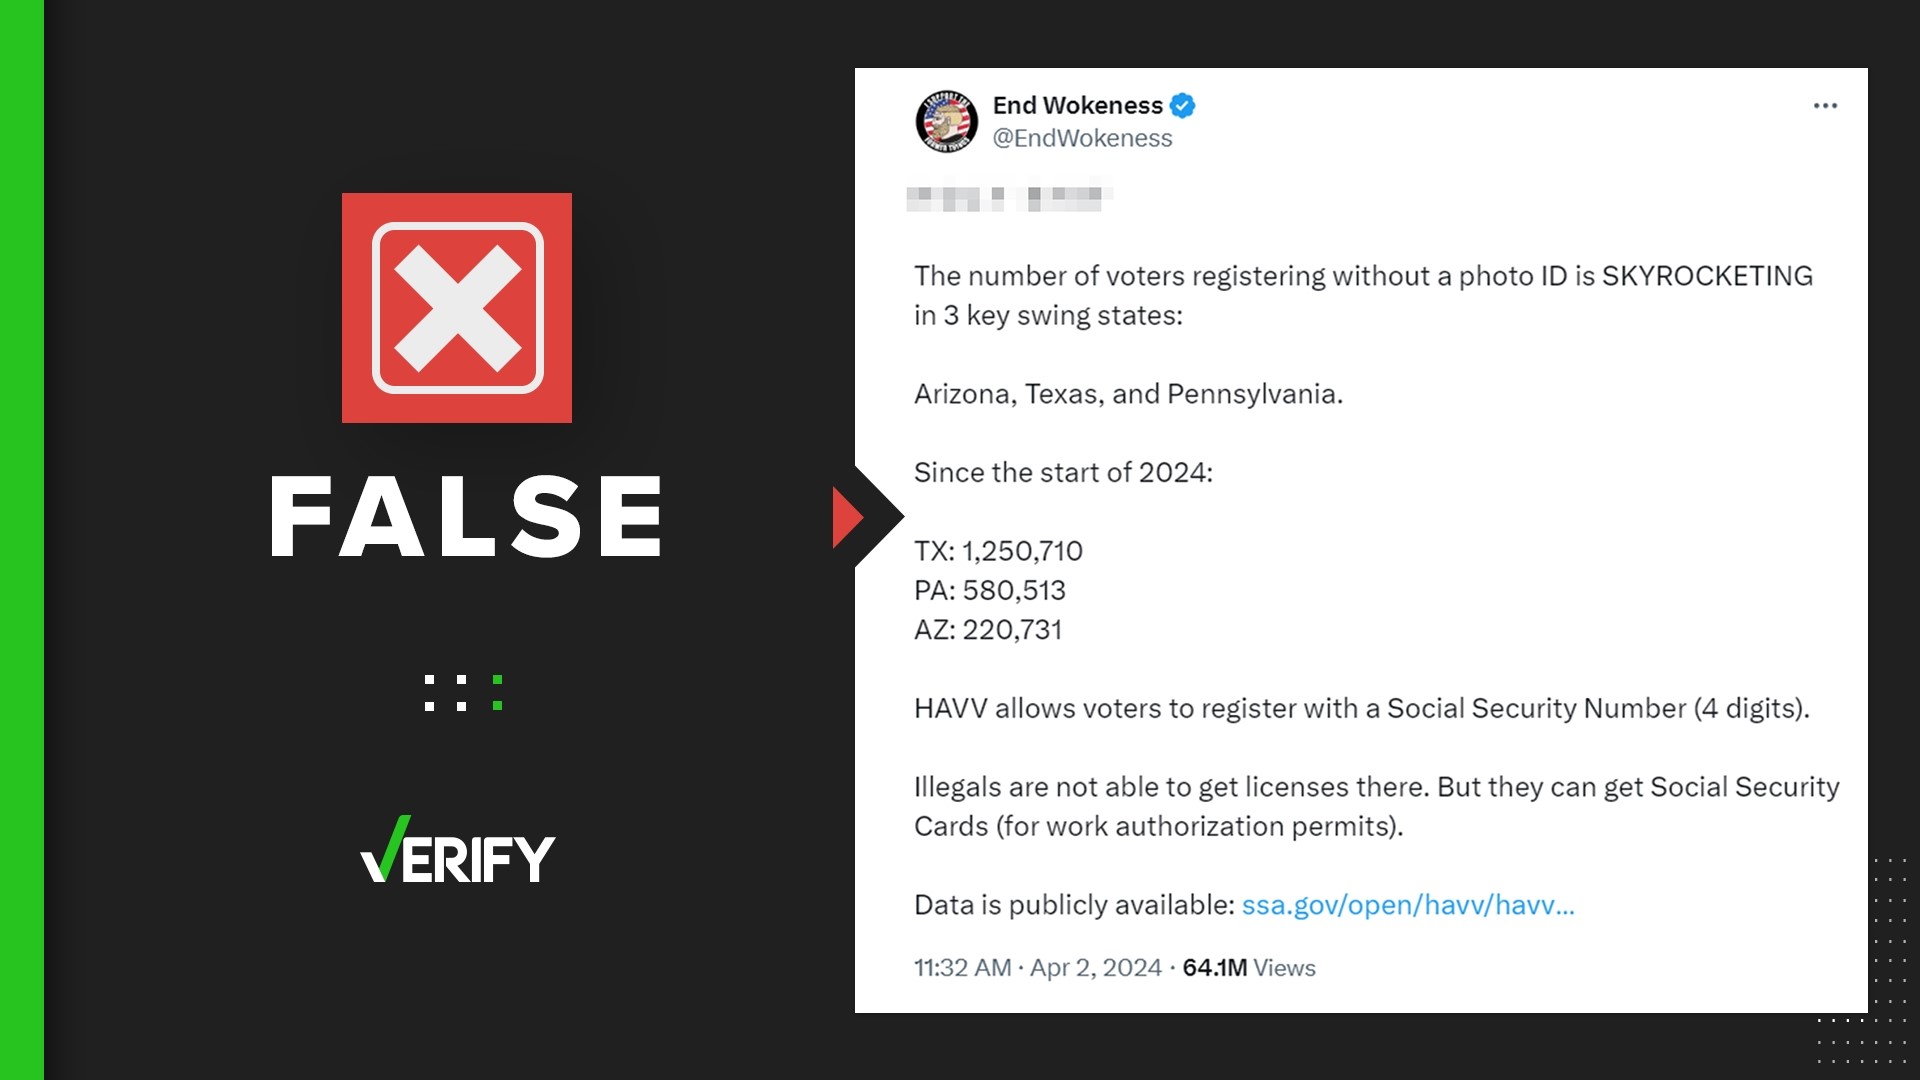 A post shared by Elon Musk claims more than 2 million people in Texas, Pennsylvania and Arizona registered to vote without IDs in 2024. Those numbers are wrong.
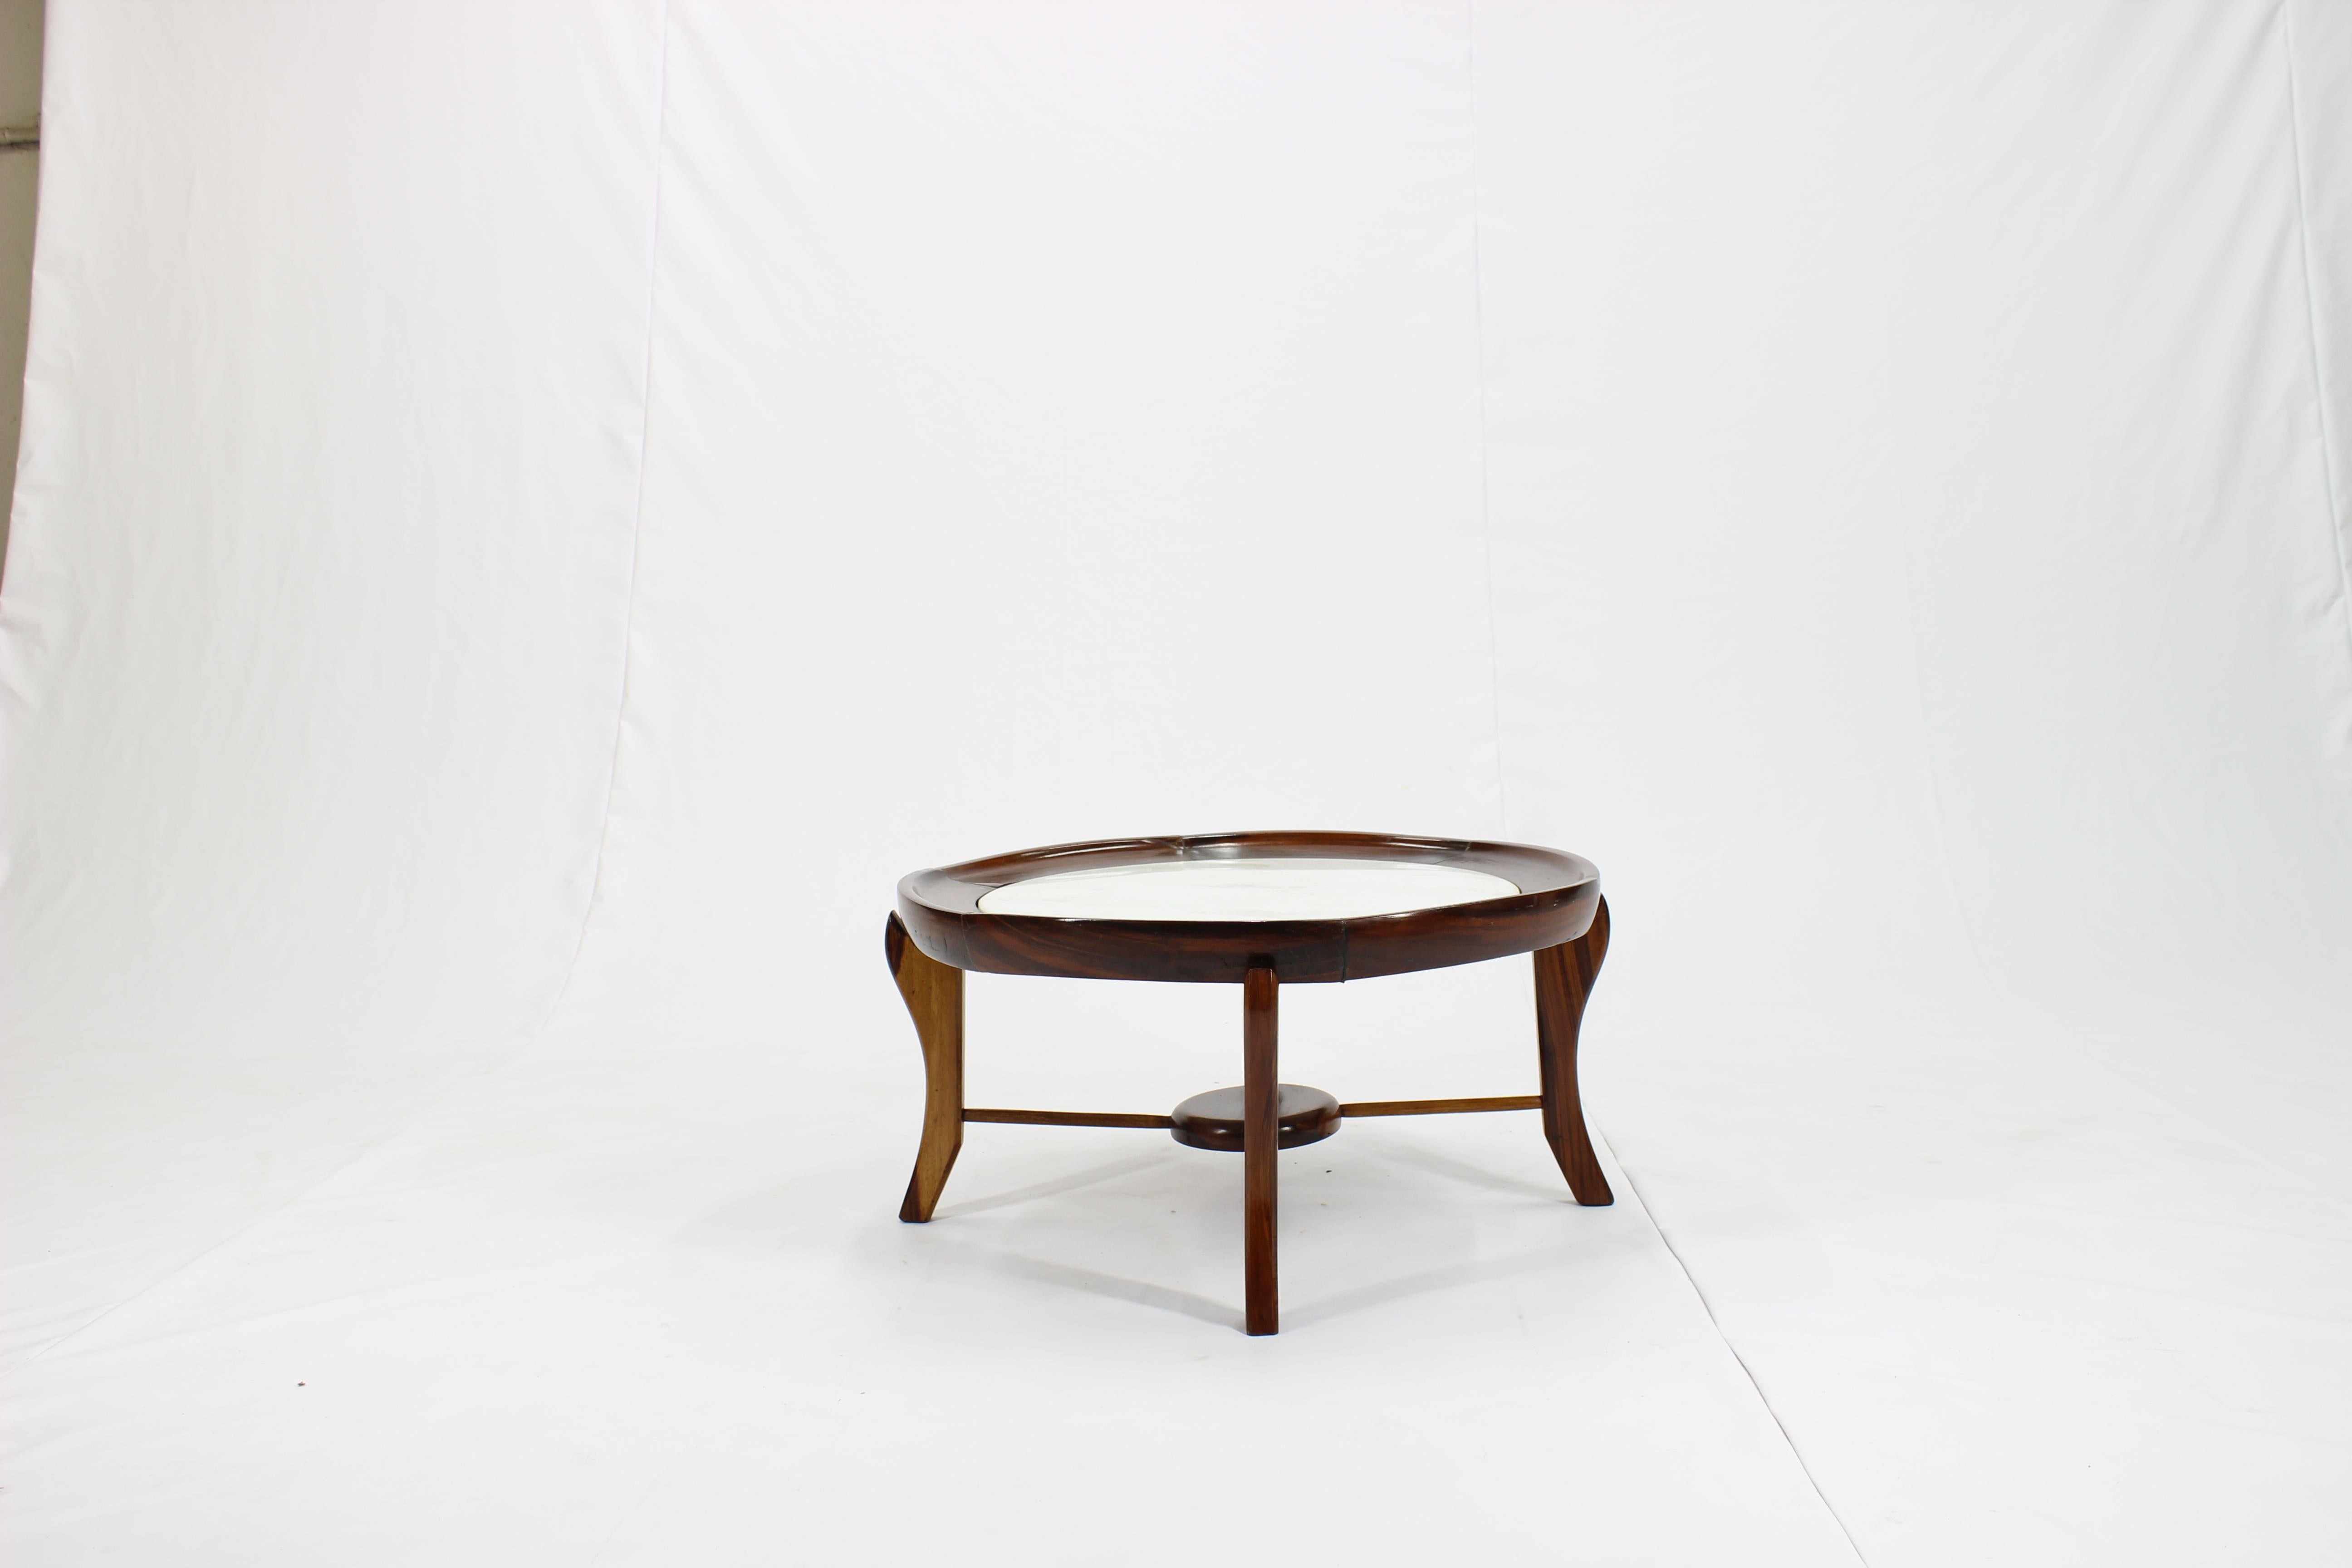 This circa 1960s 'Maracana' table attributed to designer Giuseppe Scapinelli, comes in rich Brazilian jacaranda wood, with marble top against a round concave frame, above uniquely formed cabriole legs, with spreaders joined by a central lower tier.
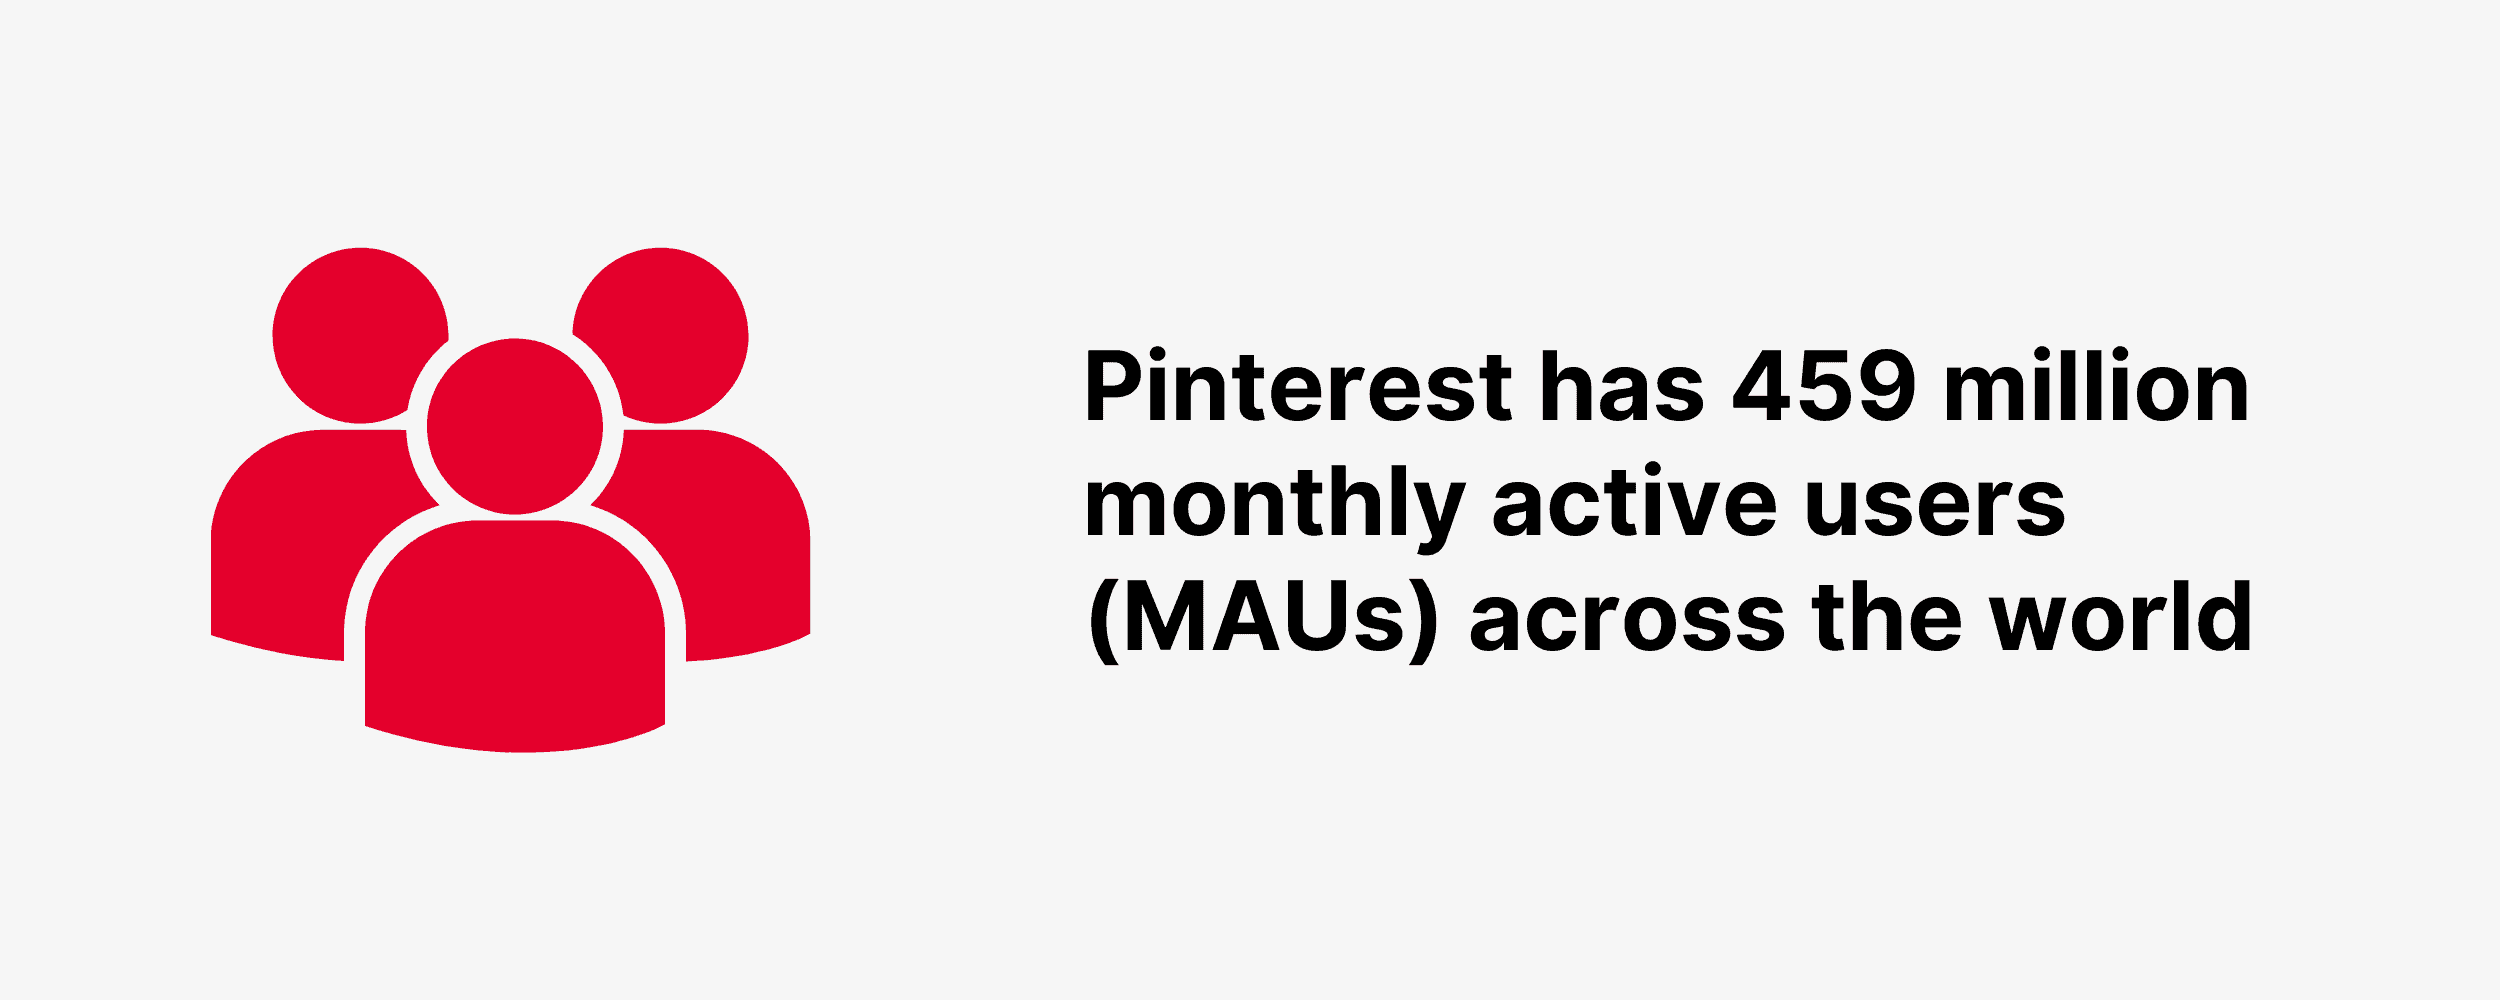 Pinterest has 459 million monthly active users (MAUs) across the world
= = =
(WHAT IS NEEDED) Give again exactly the lines from the one that contains "This circa 1960s" through the end of the material, both ends included, omitting the pictures.

(TASK RESPONSE)
 This circa 1960s 'Maracana' table attributed to designer Giuseppe Scapinelli, comes in rich Brazilian jacaranda wood, with marble top against a round concave frame, above uniquely formed cabriole legs, with spreaders joined by a central lower tier.
 Pinterest has 459 million monthly active users (MAUs) across the world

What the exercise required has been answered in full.